Even so, foreign buying helped Bank Negara reserves gain an impressive US$1.9 billion in May to US$98 billion, its highest level since June 2015 when central bank reserves were last above the psychological US$100 billion mark. The US$1.9 billion monthly gain is also the highest monthly increase since September 2012’s US$2.5 billion gain, bringing total gains over five months to US$3.4 billion — exceeding the US$3.2 billion lost over November and December last year amid the central bank’s clampdown of the non-deliverable forward (NDF) market.
Foreigners, who sold RM62.7 billion of Malaysian debt papers between November last year and March this year, added RM10.1 billion worth of bond holdings in May this year after adding RM6.8 billion in April. Foreigners were also net buyers of equities, adding RM2.6 billion in April and RM2.1 billion in May.
Whether the trend on net foreign flows into Malaysia will continue going forward is “dependent on global risk appetite and how foreigners perceive the risk-reward for Malaysia”, says UOB Malaysia economist Julia Goh.
“We are seeing investors turning more positive, both foreigners and local investors. It helps that the US dollar has softened. Bank Negara has also liberalised the bond market and loosened some of the hedging measures that makes it more conducive to invest in Malaysia and hedge onshore. The export and gross domestic product prints have improved since the start of the year,” she adds.
Two key dampeners in the domestic market are speculation surrounding the timing of the next general election and the sizeable government bonds maturing later this year, particularly between August and September.
Goh, who thinks the positive sentiment on ringgit assets can be sustained, is “less worried about the bond maturities” following the sharp sell-off in the first quarter.
“I believe the current holders of Malaysia’s government bonds comprise longer-term holders that are deemed a more stable base,” she says.
“Recent foreign inflows saw more than 70% [flow] into medium to longer-term papers. At end-March, central banks and governments increased their holdings of government bonds to 34% of the total (versus 30% at end-2016) and pension funds to 19% (versus 17% at end-2016). As such, from … [the] type of holders and tenure of papers currently held, as well as the broad measures Bank Negara has taken to stem offshore ringgit speculation through the NDF market, the risk of another sharp selldown appears lower.

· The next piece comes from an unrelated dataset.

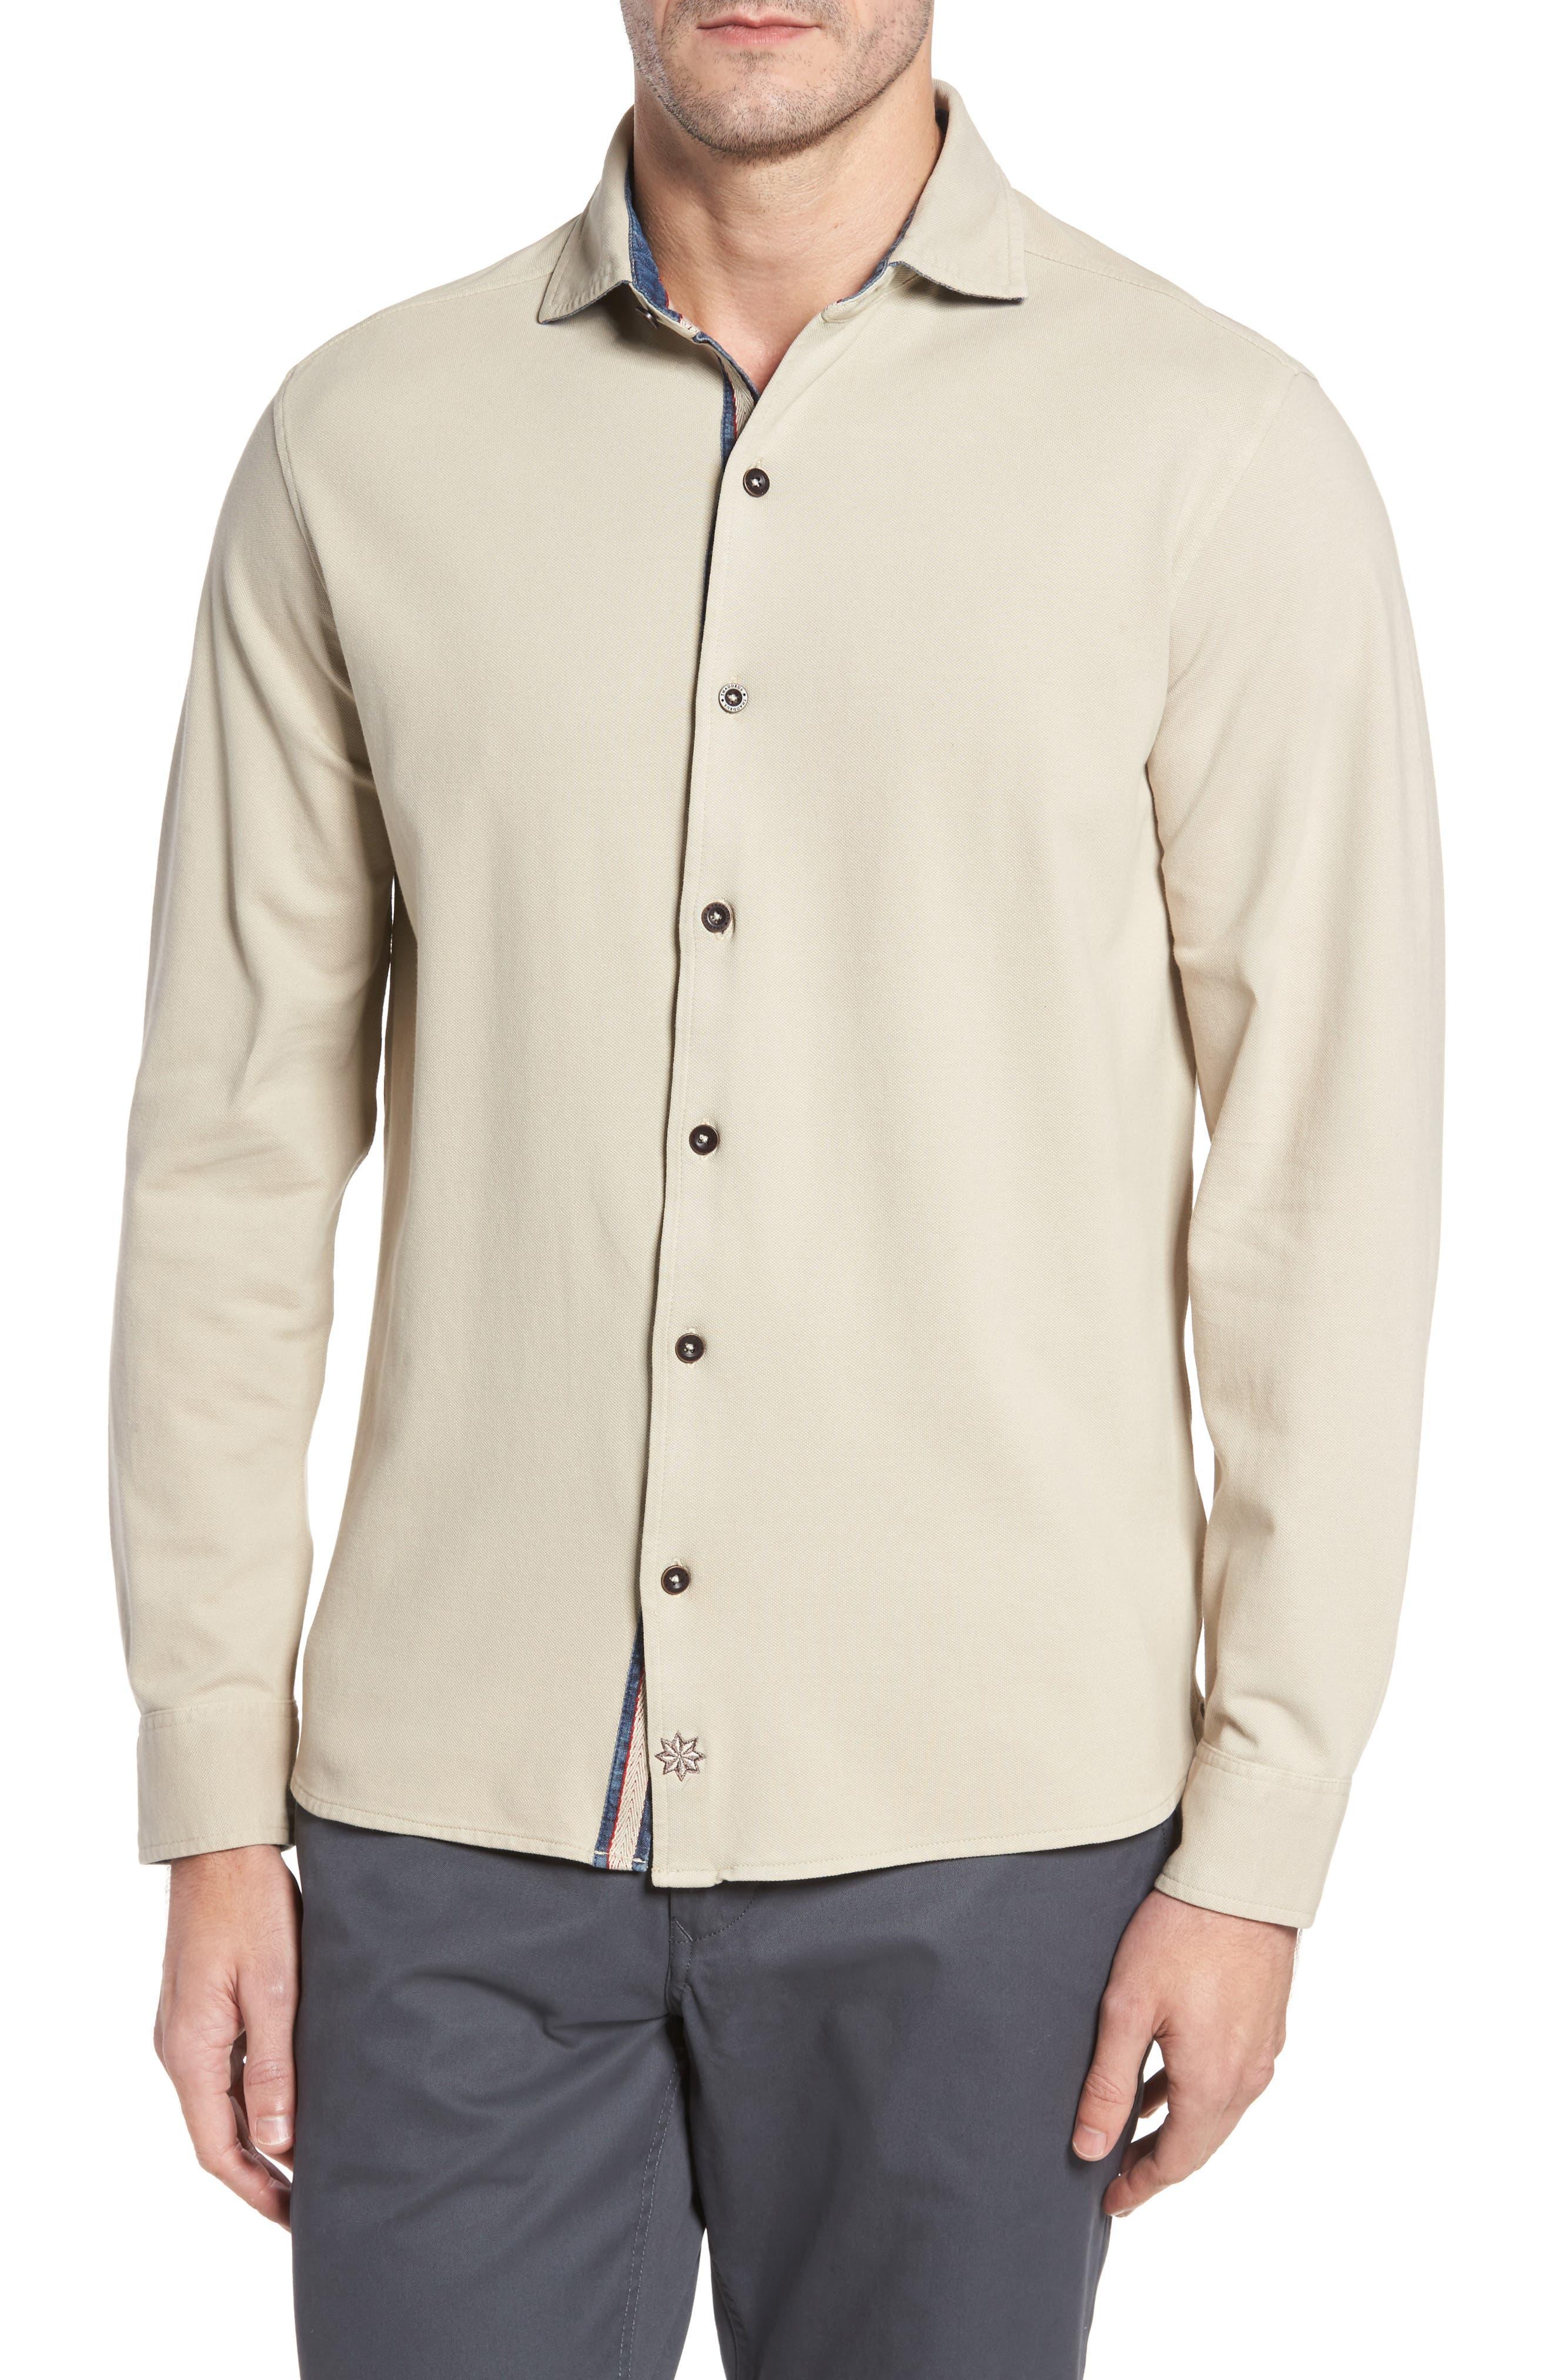 Shively Piqué Knit Sport Shirt,                         Main,                         color, Stone

“Moreover, with forex flows between exports and imports more balanced, this improves the underlying support for reserves,” says Goh, describing the central bank’s foreign reserves as a “barometer of confidence” as it reflects the country’s war chest against external shocks.
According to Goh, investors are “mindful” of a general election being around the corner but “long-term holders expect continuity of current economic policies”.
To be sure, inward-looking policies and macro-missteps from the US could still affect the global economy, including Malaysia.
For now, however, Goh says the Institute of International Finance (IIF) recently estimated that total non-resident inflows into emerging markets will rise to US$970 billion this year from US$718 billion in 2016, amid dissipating fears of a negative external shock from US policy. If true, that sizeable inflow would be a welcome respite for the ringgit. Malaysia will have to do its part in delivering on its growth story.